Significant discrepancies between CISH and FISH scores were relatively rare (in 6.5% of cases). In some cases, higher scores by CISH could be attributed to overlapping nuclei leading to an overestimation of signal number per cell. In two cases, the higher scores by CISH may have been due to technical problems on FISH (loss of tissue, failure to detect signals in both tumor components of adenosquamous carcinomas). Lower scores by CISH were seen in two cases with FISH scores that were borderline between low and high polysomy.

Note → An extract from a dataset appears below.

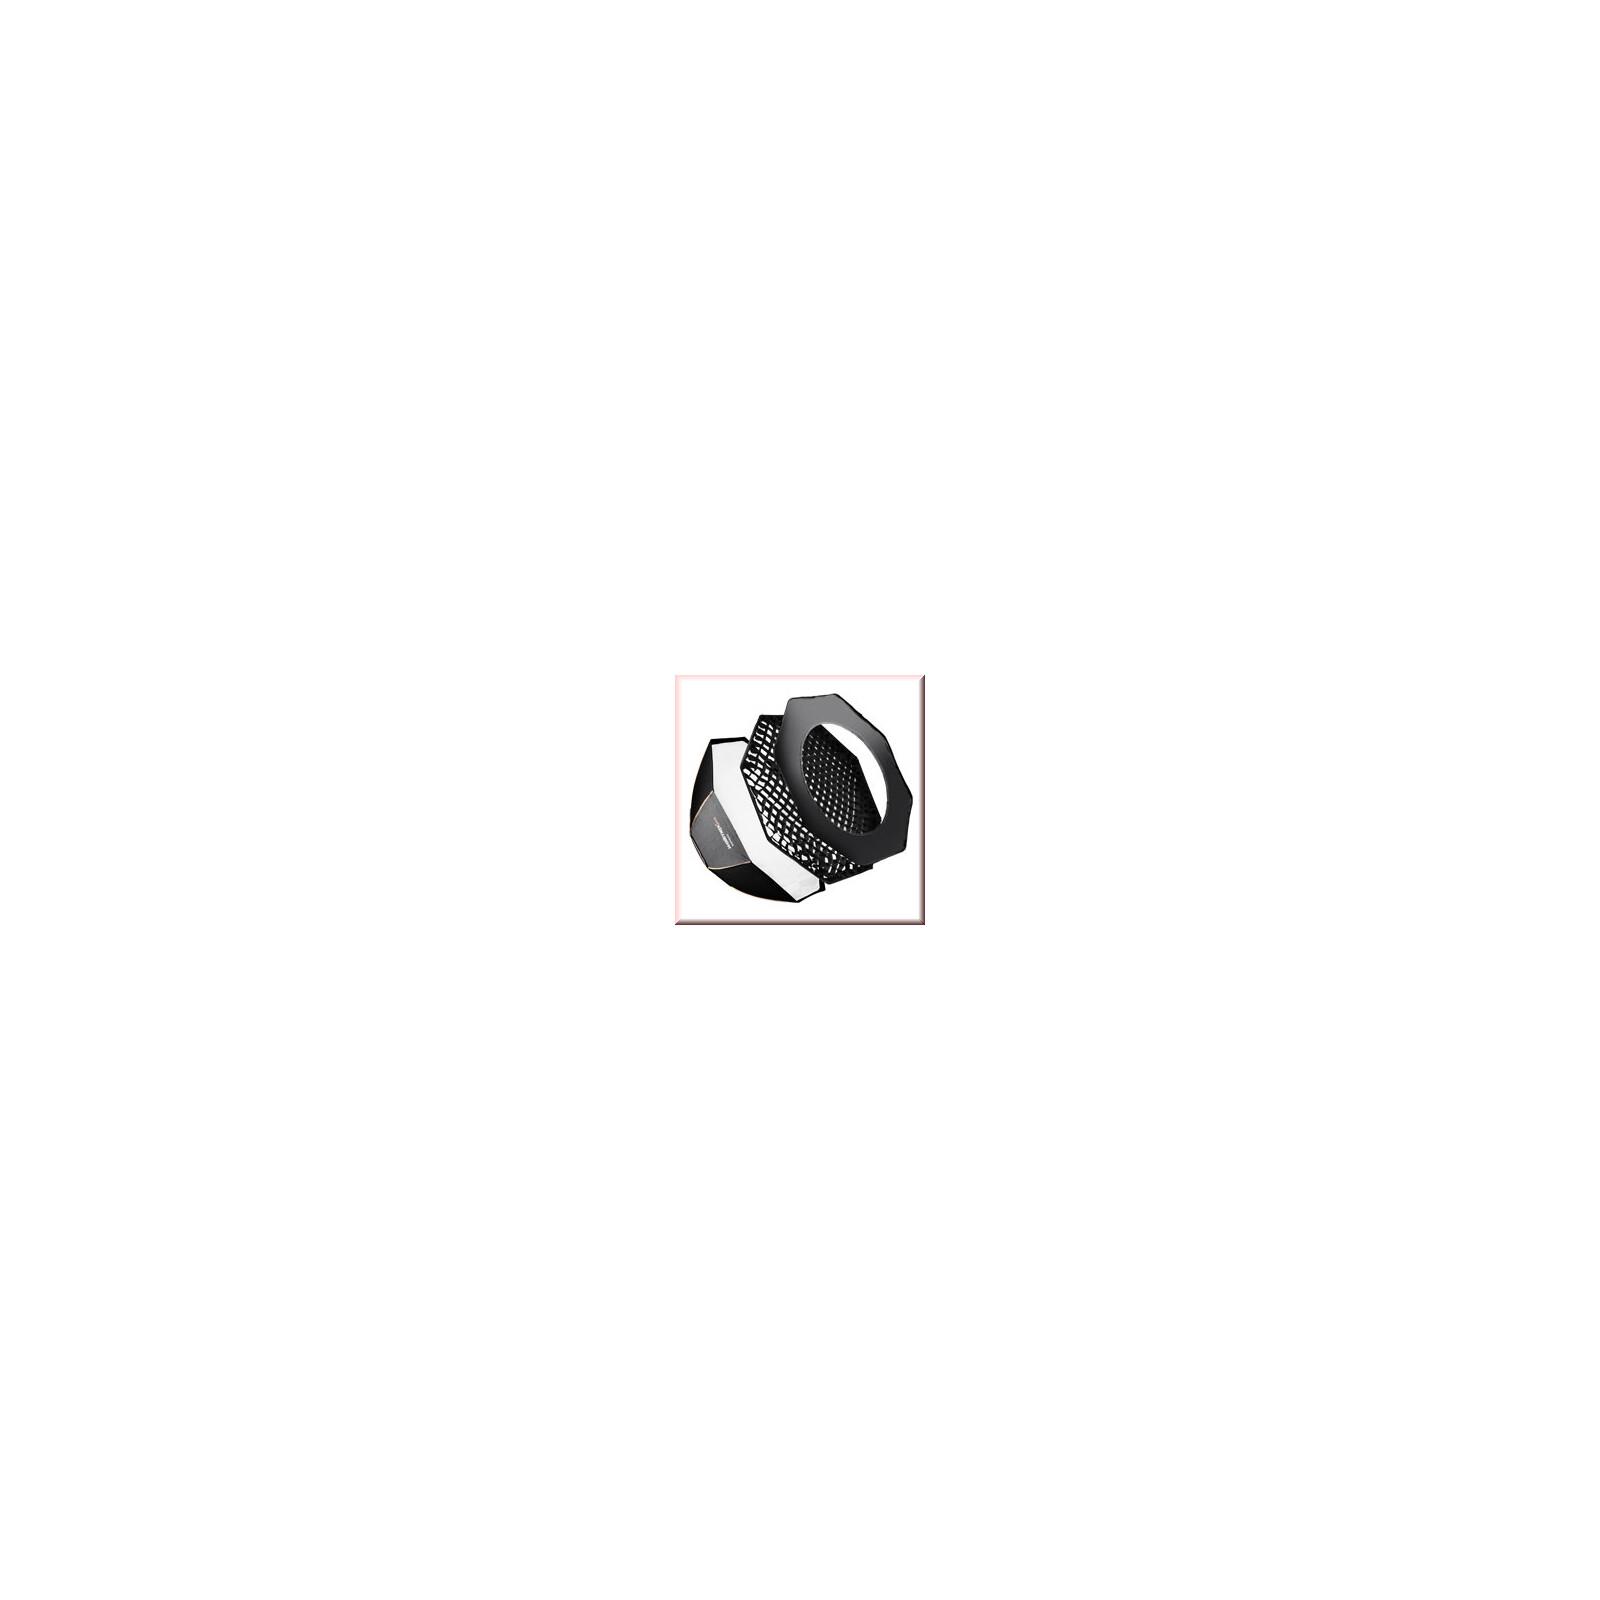 walimex pro Octa Softbox PLUS OL Ø120 Multiblitz

In this subset of nonsmall cell lung carcinoma, gene amplification was detected in adenocarcinomas, adenocarcinomas with bronchioloalveolar features, squamous cell carcinomas, and in adenosquamous carcinomas. Published reports detected nonsmall cell lung carcinoma with high polysomy or gene amplification by FISH in 30% of patients with advanced bronchioloalveolar carcinomas or adenocarcinomas with bronchioloalveolar features in a US study of a heterogeneous Western population that included smokers,21 in which activation of the KRAS pathway may play a significant role in tumorigenesis.24 In our study set, high polysomy or gene amplification were seen in 50% of interpretable cases overall and in 55% of cases, including adenocarcinomas, adenocarcinomas with bronchioloalveolar features, and bronchioloalveolar carcinomas, high percentages that likely reflect the fact that lung cancers in the selected population (Asian, female, nonsmokers) are more likely to be driven by EGFR hyperactivation.25

The technical ease and utility of CISH for detection of EGFR gene amplification in patients with nonsmall cell lung carcinoma suggests that this assay could serve an important role in identifying patients with a high number of EGFR copies for assignment to individualized therapeutic regimens. This assay can be rapidly performed in standard clinical immunohistochemistry laboratories and interpreted by the pathologist under light microscopy. However, EGFR gene copy number analysis should be performed in conjunction with EGFR mutation analysis for selection of EGFR-targeted therapies in patients with lung cancer. As the understanding of mechanisms and importance of EGFR hyperactivation in nonsmall cell lung carcinoma evolves, it will be important to determine the level of polysomy that predicts tumor progression and/or response to tyrosine kinase inhibitors. Our study shows that nonsmall cell lung carcinoma with at least five EGFR gene signals in tumor cell nuclei by CISH have high polysomy or gene amplification by FISH. Based on our findings, additional studies are warranted to determine whether a classification algorithm that includes EGFR copy number by CISH, in addition to EGFR mutation analysis, can contribute to stratification of patients with nonsmall cell lung carcinoma for clinical trials and identify a subset that should be treated with tyrosine kinase inhibitors.